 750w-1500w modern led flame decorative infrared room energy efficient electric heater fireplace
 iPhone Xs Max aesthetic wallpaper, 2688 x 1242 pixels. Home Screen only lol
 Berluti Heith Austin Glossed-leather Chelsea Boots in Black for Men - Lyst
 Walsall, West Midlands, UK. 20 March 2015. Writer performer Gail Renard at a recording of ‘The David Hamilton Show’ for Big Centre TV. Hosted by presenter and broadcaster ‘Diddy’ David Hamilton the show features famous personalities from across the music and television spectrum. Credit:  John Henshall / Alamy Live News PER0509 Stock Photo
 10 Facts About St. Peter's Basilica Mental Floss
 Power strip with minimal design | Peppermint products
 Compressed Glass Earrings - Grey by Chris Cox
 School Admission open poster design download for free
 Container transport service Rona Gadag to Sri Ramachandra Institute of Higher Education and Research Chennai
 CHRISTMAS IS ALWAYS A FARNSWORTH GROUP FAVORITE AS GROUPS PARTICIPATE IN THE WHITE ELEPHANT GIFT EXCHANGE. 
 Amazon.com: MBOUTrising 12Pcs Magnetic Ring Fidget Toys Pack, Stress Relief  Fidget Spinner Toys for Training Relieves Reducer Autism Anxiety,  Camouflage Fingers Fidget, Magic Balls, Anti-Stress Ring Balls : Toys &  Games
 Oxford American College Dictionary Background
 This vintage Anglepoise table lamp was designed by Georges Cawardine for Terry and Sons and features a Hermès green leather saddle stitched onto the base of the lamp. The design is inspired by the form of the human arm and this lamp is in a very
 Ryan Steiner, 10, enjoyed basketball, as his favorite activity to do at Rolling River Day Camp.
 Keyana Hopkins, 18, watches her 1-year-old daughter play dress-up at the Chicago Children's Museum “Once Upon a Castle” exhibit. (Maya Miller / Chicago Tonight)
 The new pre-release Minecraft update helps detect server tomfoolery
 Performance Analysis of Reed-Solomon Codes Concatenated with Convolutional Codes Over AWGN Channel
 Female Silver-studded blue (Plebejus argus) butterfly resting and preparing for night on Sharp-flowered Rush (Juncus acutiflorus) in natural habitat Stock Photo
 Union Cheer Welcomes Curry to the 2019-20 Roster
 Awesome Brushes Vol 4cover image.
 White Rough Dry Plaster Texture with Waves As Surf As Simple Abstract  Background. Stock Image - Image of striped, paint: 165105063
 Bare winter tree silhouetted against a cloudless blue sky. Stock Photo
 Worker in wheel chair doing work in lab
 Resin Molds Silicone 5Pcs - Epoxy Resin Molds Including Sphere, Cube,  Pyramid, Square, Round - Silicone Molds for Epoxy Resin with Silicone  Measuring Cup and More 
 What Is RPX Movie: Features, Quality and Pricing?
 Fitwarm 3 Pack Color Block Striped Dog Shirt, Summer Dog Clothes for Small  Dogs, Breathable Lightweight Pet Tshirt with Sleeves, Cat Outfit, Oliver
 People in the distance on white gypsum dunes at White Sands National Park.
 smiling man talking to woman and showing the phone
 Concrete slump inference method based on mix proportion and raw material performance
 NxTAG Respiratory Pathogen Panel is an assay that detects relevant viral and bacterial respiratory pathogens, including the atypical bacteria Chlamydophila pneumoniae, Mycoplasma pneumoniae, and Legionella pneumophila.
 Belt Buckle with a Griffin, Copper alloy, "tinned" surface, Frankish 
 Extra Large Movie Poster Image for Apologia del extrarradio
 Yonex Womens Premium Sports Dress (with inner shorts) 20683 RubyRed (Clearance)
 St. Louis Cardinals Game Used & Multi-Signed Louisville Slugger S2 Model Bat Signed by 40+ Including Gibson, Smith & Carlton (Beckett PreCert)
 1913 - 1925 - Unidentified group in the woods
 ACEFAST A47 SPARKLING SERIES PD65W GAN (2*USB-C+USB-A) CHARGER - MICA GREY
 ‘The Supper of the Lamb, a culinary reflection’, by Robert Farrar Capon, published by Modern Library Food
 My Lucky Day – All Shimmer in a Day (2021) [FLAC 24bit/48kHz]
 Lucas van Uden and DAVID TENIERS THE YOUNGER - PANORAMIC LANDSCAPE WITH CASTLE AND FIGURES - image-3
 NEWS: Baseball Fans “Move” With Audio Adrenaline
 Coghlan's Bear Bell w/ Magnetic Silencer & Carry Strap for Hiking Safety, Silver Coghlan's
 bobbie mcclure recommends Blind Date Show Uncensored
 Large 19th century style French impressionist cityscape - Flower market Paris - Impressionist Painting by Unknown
**********
Above are the entries. Output exactly the lines beginning with the line that has "School Admission open" and ending with the line that has "This vintage Anglepoise".

 School Admission open poster design download for free
 Container transport service Rona Gadag to Sri Ramachandra Institute of Higher Education and Research Chennai
 CHRISTMAS IS ALWAYS A FARNSWORTH GROUP FAVORITE AS GROUPS PARTICIPATE IN THE WHITE ELEPHANT GIFT EXCHANGE. 
 Amazon.com: MBOUTrising 12Pcs Magnetic Ring Fidget Toys Pack, Stress Relief  Fidget Spinner Toys for Training Relieves Reducer Autism Anxiety,  Camouflage Fingers Fidget, Magic Balls, Anti-Stress Ring Balls : Toys &  Games
 Oxford American College Dictionary Background
 This vintage Anglepoise table lamp was designed by Georges Cawardine for Terry and Sons and features a Hermès green leather saddle stitched onto the base of the lamp. The design is inspired by the form of the human arm and this lamp is in a very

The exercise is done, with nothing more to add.